For a moment I thought I got this. Almost immediately I was alongside Dan, but not for long as we hit a speed-bump and my backwheel jumped to the side, robbing me of valuable momentum. Coming around the bend the wind got stronger and my gear seemed just a tiny bit too hard to push after losing the momentum. Being on the outside line didn't help either. I was making up ground but not fast enough. The line came closer and I was still a wheels length behind. Then a bikethrow... and I the line was behind us.
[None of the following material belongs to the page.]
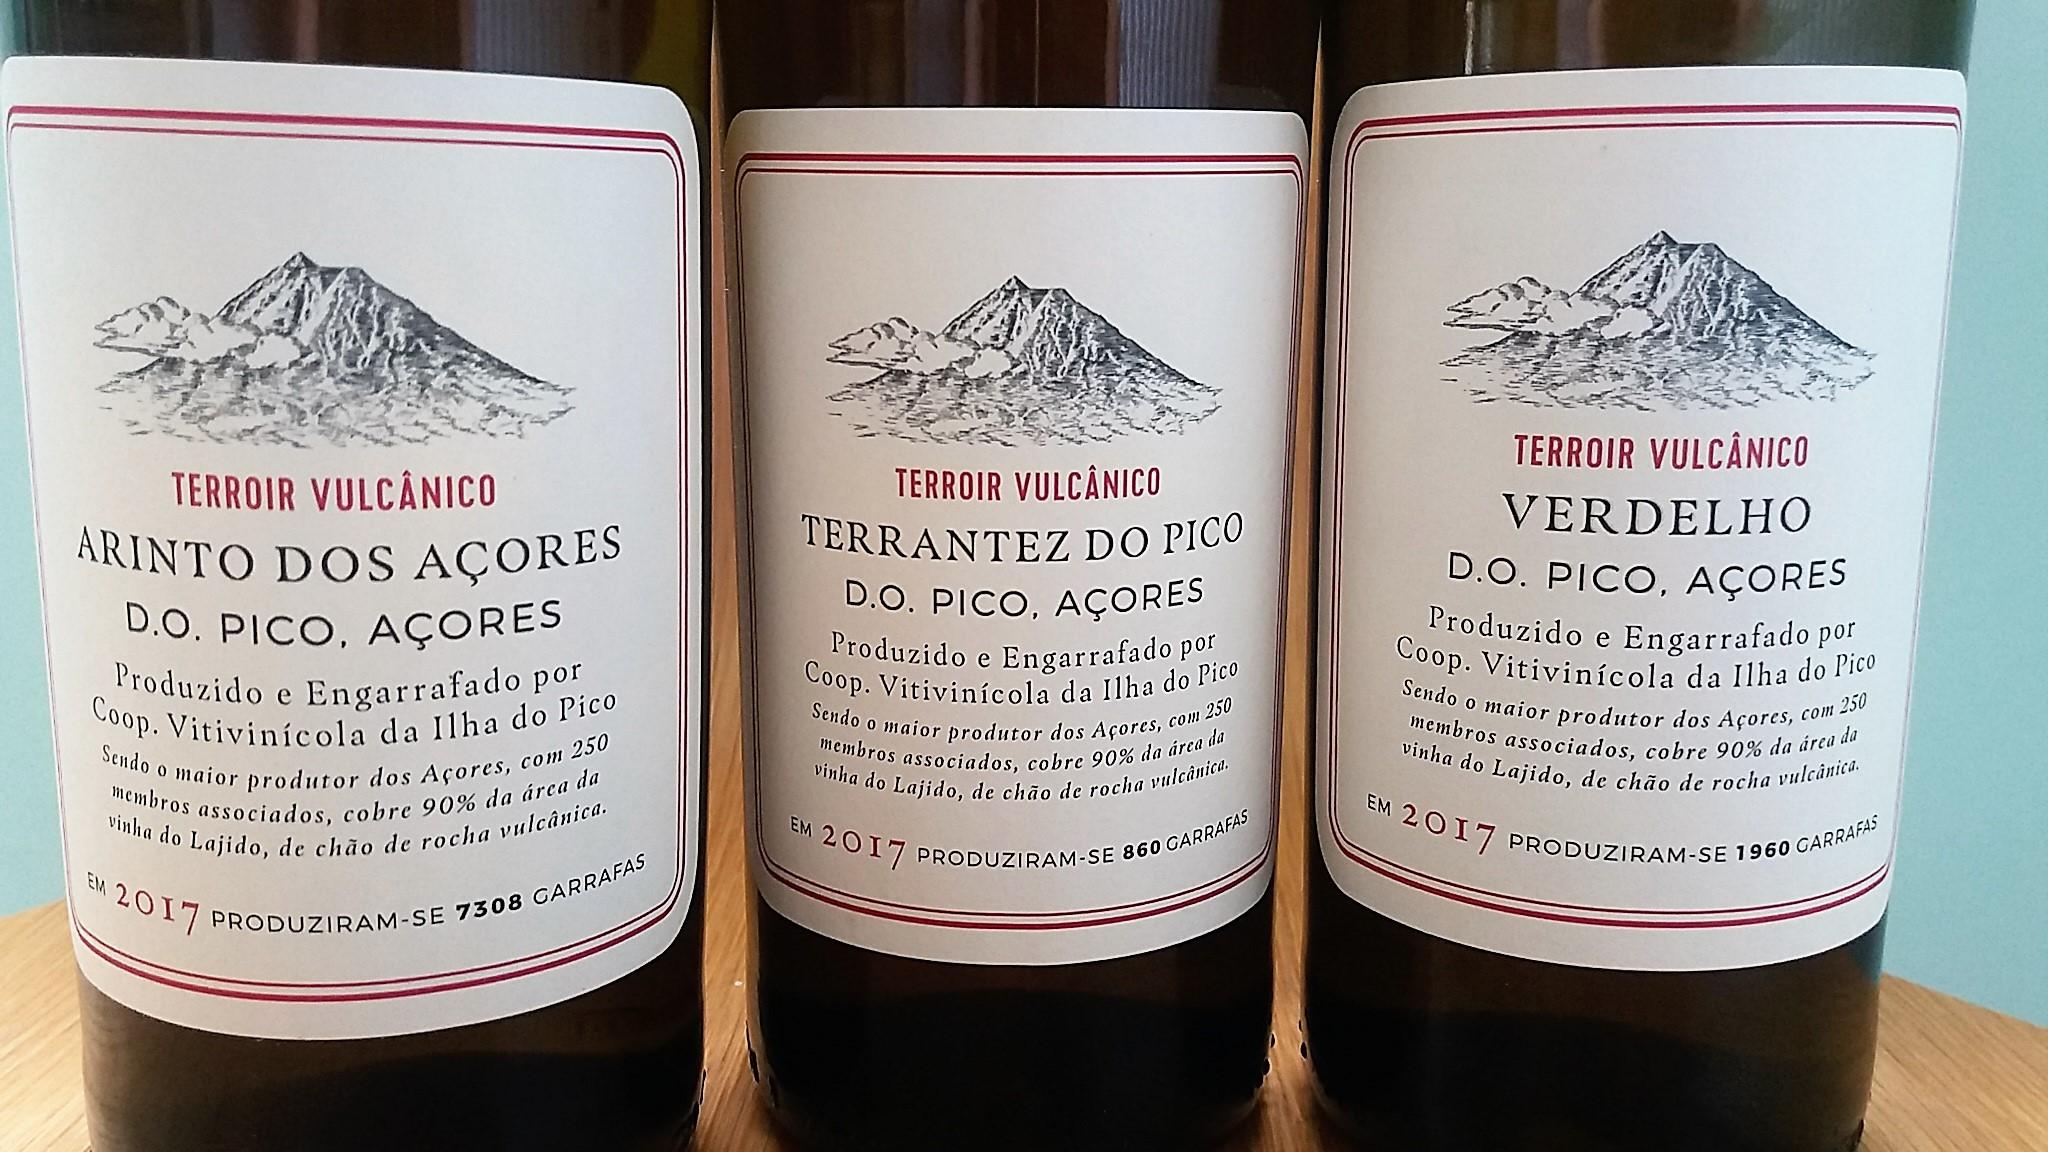 Pico wine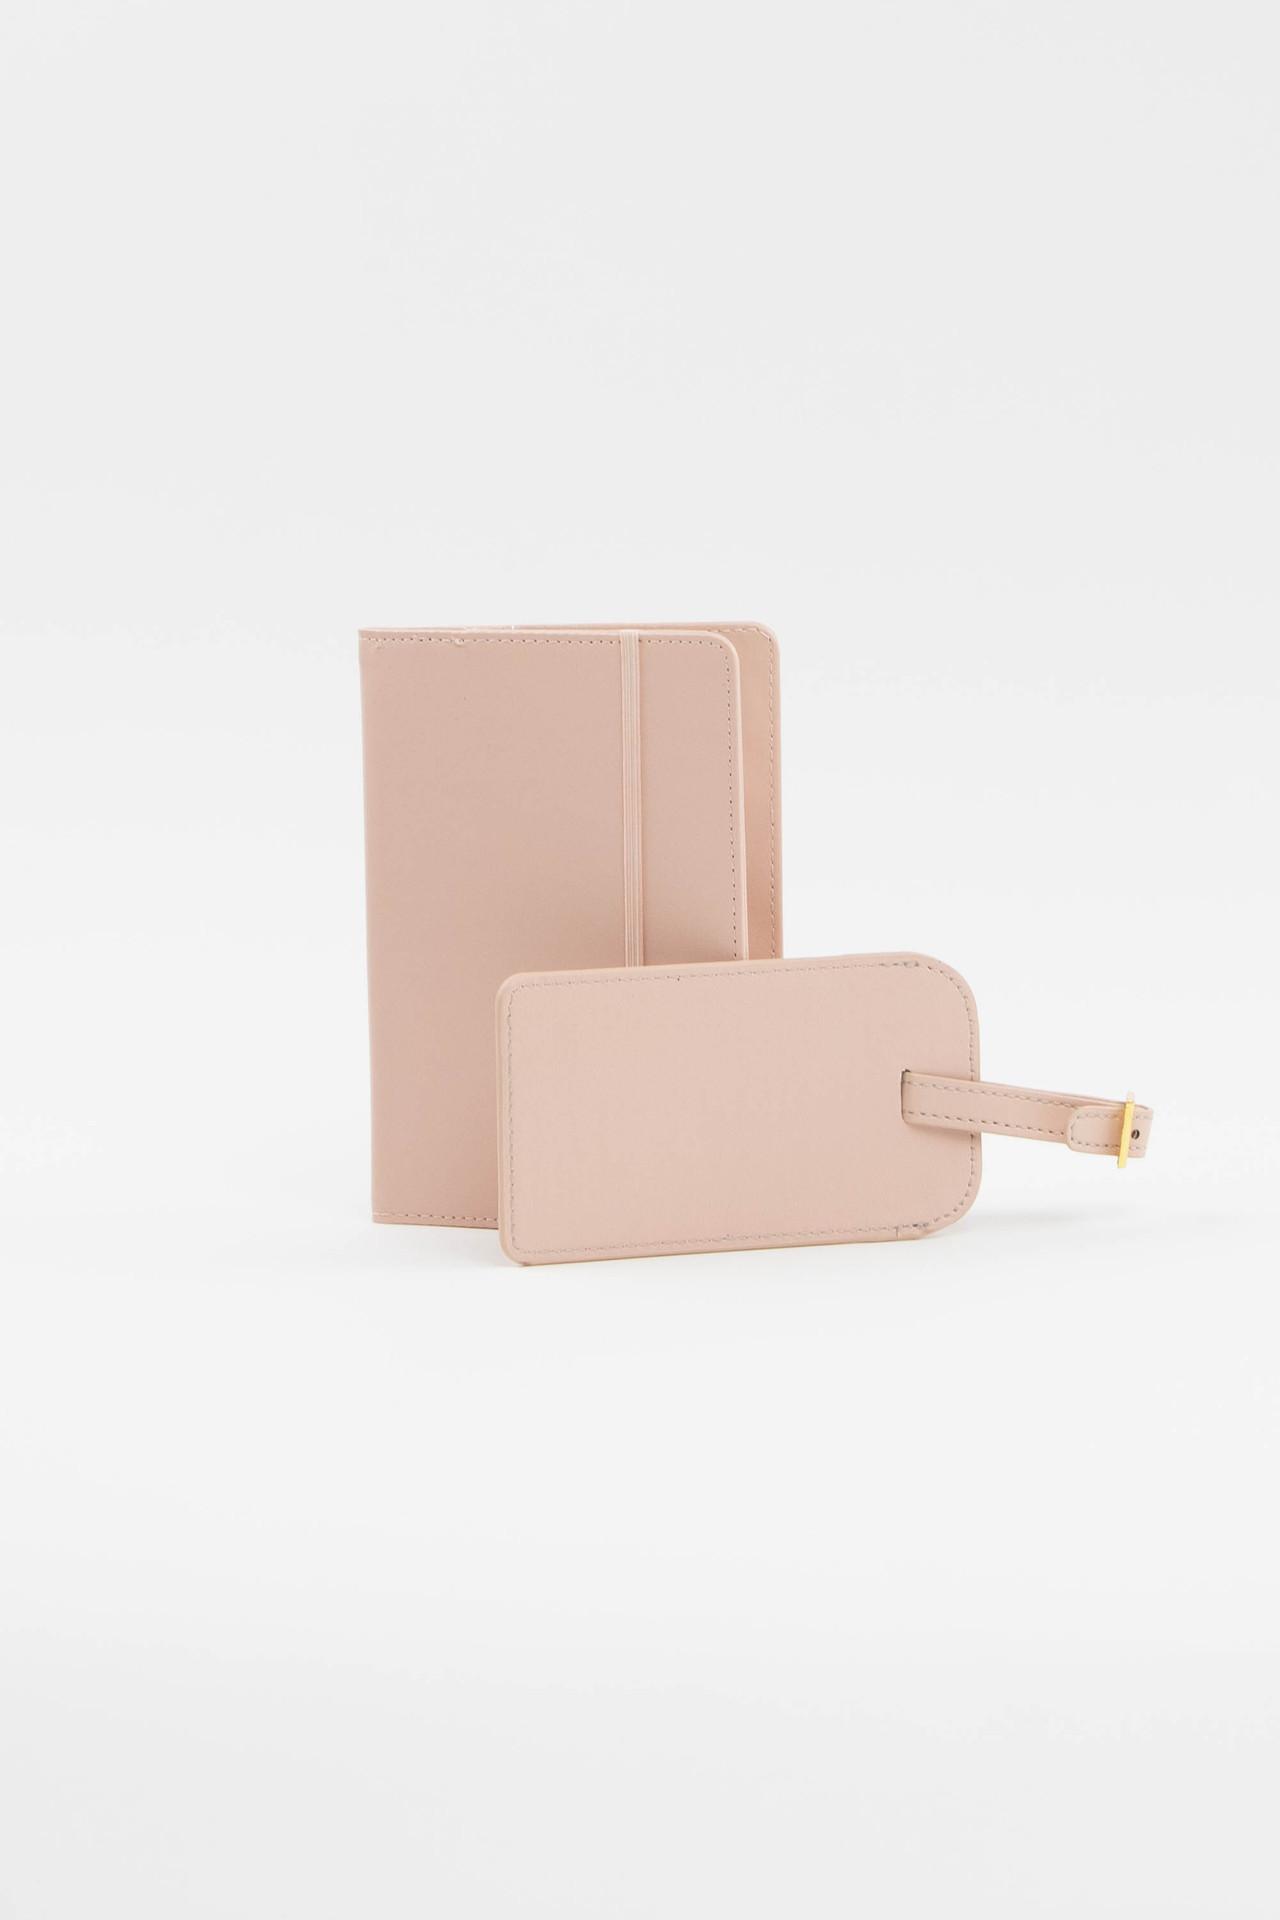 Blush Luggage Tag + Passport Holder

Am I disappointed? Most certainly! The nationals was one of my goals this year and losing out by a wheels length after animating the race all the way through is bitter. I didn't even race for the Olympic spot, just for the jersey to take along with me to Europe. But it wasn't to be. Dan's goals of getting the Olympic spot put him in the drivers seat, as he only needed to finish in the top 3 to secure his spot. So he let me do the attacking and waited for the final.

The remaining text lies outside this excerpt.